• Instructions for the task: Once you have checked each line below for the word "Stock", give the number of lines that have it and nothing further.

• Data excerpts:
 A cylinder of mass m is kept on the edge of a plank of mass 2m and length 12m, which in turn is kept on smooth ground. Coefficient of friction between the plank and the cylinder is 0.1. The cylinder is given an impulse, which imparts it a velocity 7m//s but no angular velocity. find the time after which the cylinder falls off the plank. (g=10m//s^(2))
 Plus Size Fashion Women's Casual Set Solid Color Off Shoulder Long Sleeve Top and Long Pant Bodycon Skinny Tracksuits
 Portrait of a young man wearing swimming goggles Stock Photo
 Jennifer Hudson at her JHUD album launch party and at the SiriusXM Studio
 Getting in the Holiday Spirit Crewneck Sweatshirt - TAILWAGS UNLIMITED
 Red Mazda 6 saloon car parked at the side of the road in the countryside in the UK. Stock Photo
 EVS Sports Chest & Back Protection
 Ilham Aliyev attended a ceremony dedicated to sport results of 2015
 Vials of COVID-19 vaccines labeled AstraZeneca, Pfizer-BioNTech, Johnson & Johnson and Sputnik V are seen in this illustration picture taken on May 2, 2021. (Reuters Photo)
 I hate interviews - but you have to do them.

• Answer space: 2